La Vierge Marie accueille la parole que le Seigneur lui adresse par l’ange, et sitôt qu’elle a achevé son
dialogue avec l’Archange Gabriel, elle se met en route — et c’est ce que nous lisons aujourd’hui — vers la
maison de sa cousine Élisabeth. Et dans cette page d’évangile si brève que nous recevons juste avant
Noël, ce que nous entendons, au fond, c’est comme une prophétie d’Élisabeth sur la Vierge Marie. Elle
loue le Seigneur et elle reconnaît la bénédiction dont Marie est revêtue : « Tu es bénie entre toutes les
femmes et le fruit de tes entrailles est béni. » Mais surtout il y a cette béatitude dont je pense qu’elle est
en propre la béatitude de la Vierge Marie : « Heureuse celle qui a cru à l’accomplissement des paroles
qui lui furent dites de la part du Seigneur. »
La béatitude propre de la Vierge Marie, c’est sa foi sans réserve, sans faux plis, c’est la foi qu’elle a mise
dans le Dieu d’Abraham, de ses pères, ce Dieu qui n’abandonne pas son peuple, ce Dieu qui est toujours
là. Marie a accueilli la parole de l’ange avec la plus claire des disponibilités qui se puissent imaginer et,
entendant la parole de l’ange, elle y a souscrit. De sorte que dans l’instant-même où elle accueillait la
parole de l’ange — dans l’instant-même où elle accueillait la parole de l’ange — elle était la Mère du
Sauveur. J’ai souvent eu l’occasion de citer cette belle citation de saint Augustin qui dit de la Mère de
Dieu, qu’elle a conçu d’abord dans son âme avant que de concevoir dans sa chair.

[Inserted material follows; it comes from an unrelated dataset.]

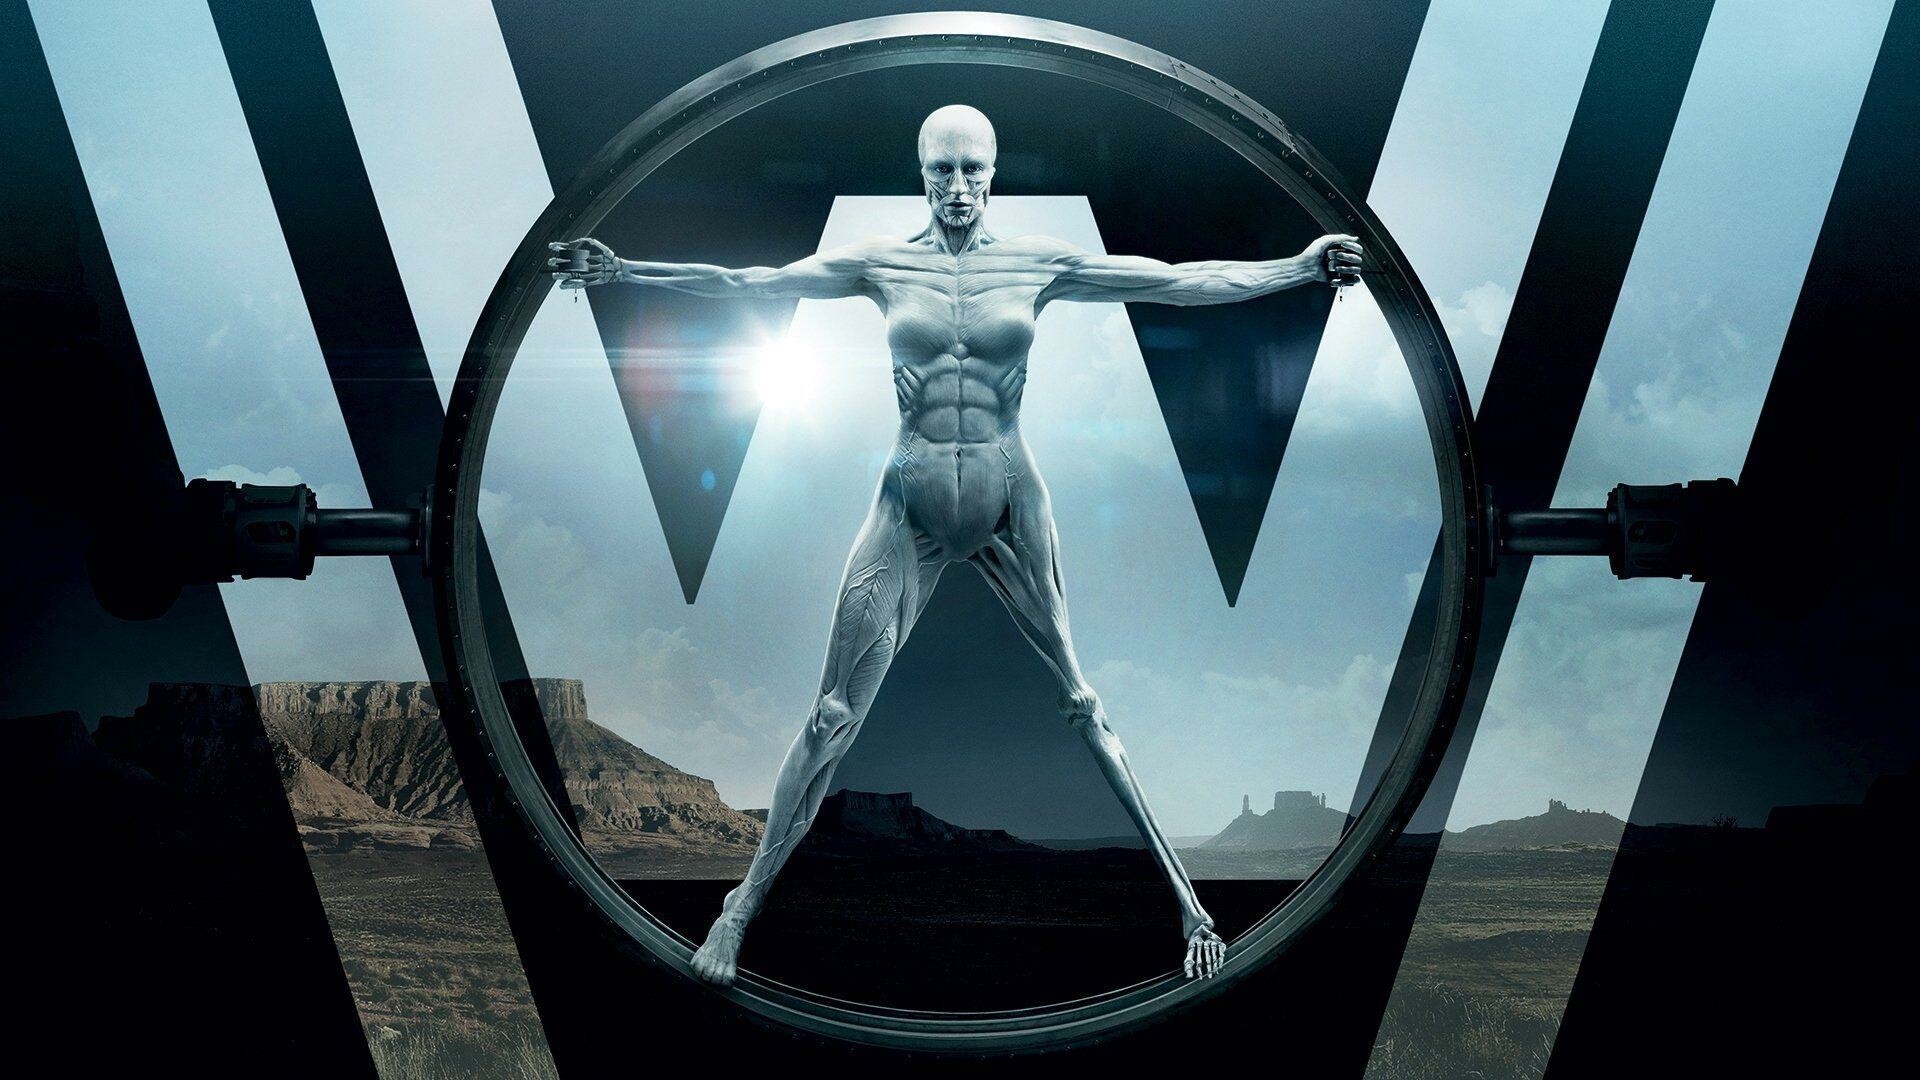 Westworld: The Emmy-winning drama series that follows the dawn of artificial consciousness and the evolution of sin. 1920x1080 Full HD Background.
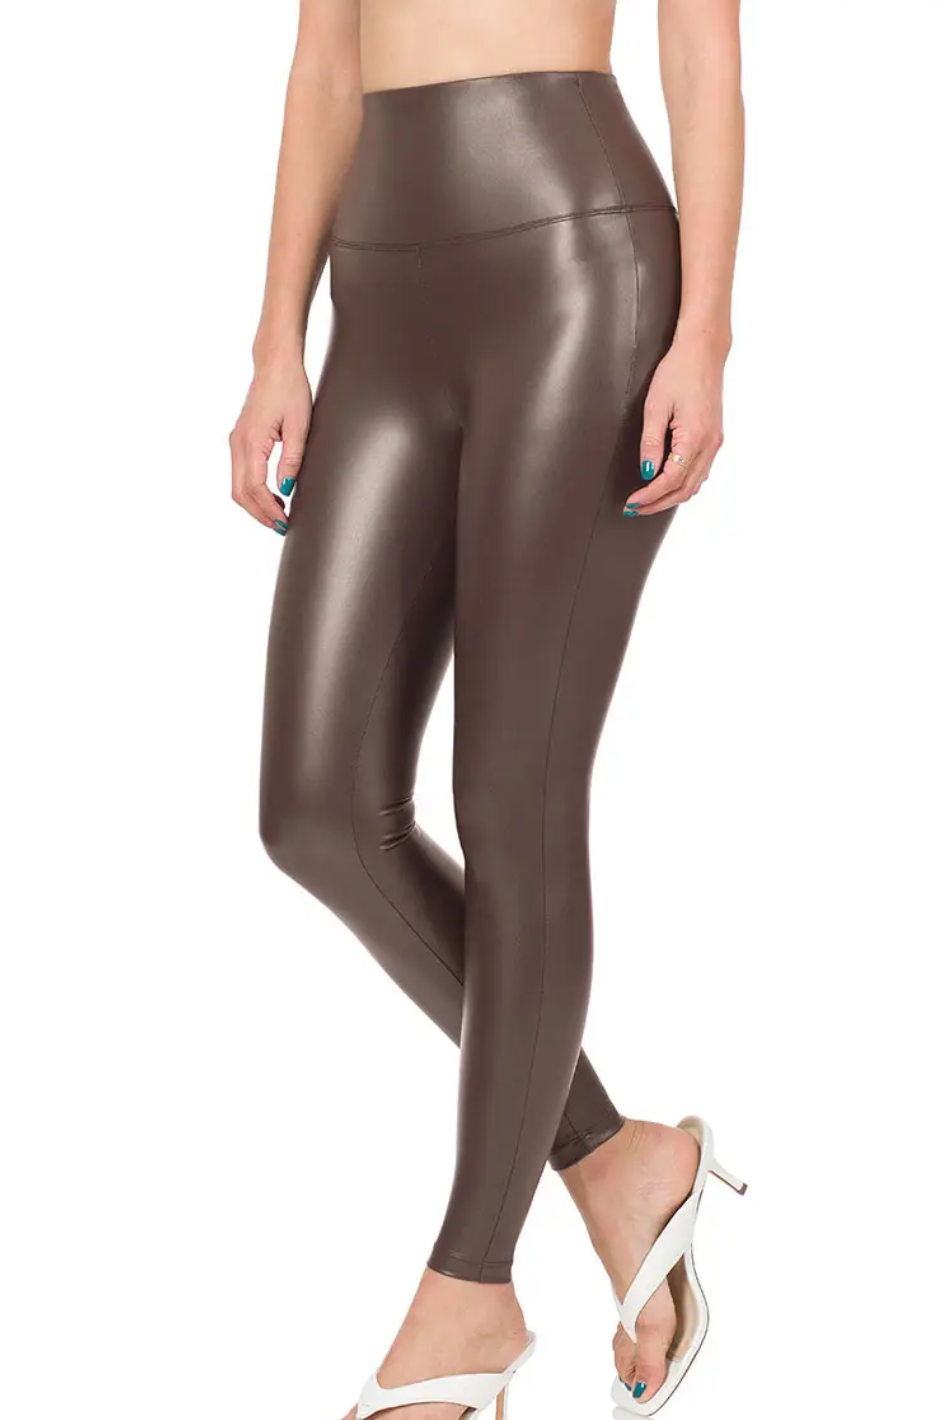 SPANX Women's Faux Leather Leggings, Wine, Small at  Women's

Il y a tout un chemin que fait la Parole de Dieu jusqu’à l’âme de Marie, et qui finalement va prendre
chair en elle. C’est de sa substance d’être humain que le Verbe va prendre pour devenir l’un de nous. Et
cette réalité merveilleuse nous n’en finissons pas de la scruter. Bien entendu nous ne pouvons jamais la
circonvenir mais elle fait constamment notre émerveillement. Et la contemplation de cette réalité, c’est
ce qui nous tient en éveil parce que, de fait, en scrutant l’humanité du Seigneur, nous scrutons tout
ensemble cette humble humanité qui est l’écrin de la révélation du Dieu vivant et, en même temps, cette
humanité qui nous révèle quelle est notre vocation, de quel infini nous sommes capables. Le Seigneur ne
vient pas vers nous pour nous enfermer en nous-mêmes, mais au contraire, il nous invite à entrer en
nous-mêmes dans la profondeur de notre cœur et il nous invite à nous ouvrir, parce que cette
profondeur où nous pouvons accueillir le Mystère de Dieu, elle est aussi la profondeur à partir de
laquelle nous pouvons dilater notre cœur à l’infini, en faisant nôtre le geste-même de Dieu qui est
d’aimer. Le Dieu-amour ne fait rien d’autre que aimer.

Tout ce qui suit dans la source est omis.